By arriving at 6 am, waking the watchman for entry and rushing up those nine stories and at once lighting my match, I had just made it ahead of any other visitor.  Just made it by a – err – a whisper.

I can only confirm as follows: at Gol Gumbaz, the snap of your lit match can be heard echoing five (not ten) times across the hemispherical dome.

While in Bijapur...

You would need a week to relive the seventeenth century in this town which has so many intriguing and outstanding monuments. The Ibrahim Roza is as delicate as the Taj Mahal.

There are Asar Mahal, Gagan Mahal (sky palace), Anand Mahal, Jal Mandir (water temple,) Jami Masjid (mosque) and the unfinished and monumental Bara Kaman (twelve arches) tomb, open to the sky, with undressed basalt stone arches looking like Fountain Abbey near Ripon, the largest monastic ruin in England, and telling its own story of a megalomaniac project coming to a sad, premature end. Bijapur is on meter-gauge railway to the larger city of Sholapur (60 miles), which connects on broad gauge railway to Hyderabad, Poona, Bombay.

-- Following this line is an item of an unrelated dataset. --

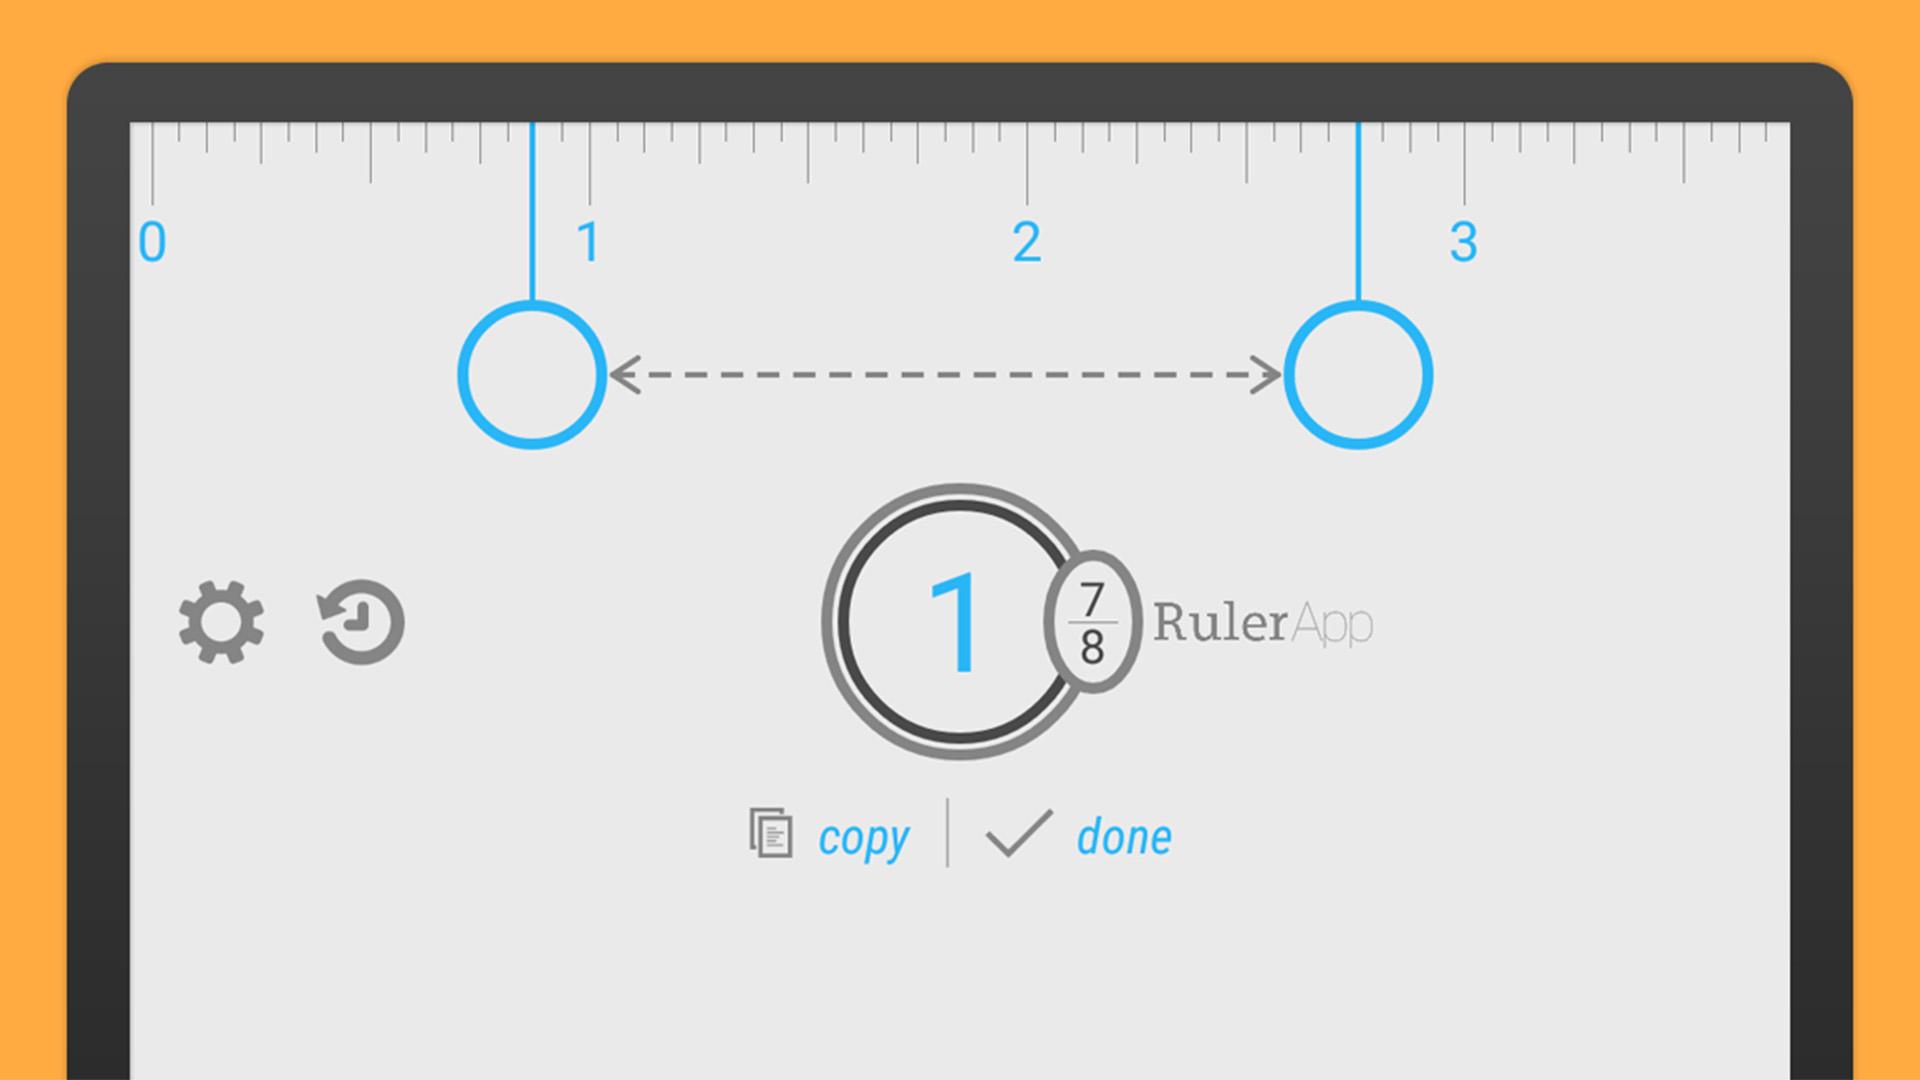 Ruler App best ruler apps for Android

There are five buses to/from Bangalore (500 miles, 12 hours) and Hyderabad (10 hours).
Many hotels are on the arterial Station Road of Bijapur, and most have restaurants and bars. On Mahatma Gandhi Road, the state government’s Hotel Mayura Adil Shahi has an old-world ambience. The main shopping areas are on Mahatma Gandhi Road, Azad Road and New Market. Summer temperature goes up to 45 deg C. The best time to go is winter: December-January when the range is 20deg C- 30 deg C.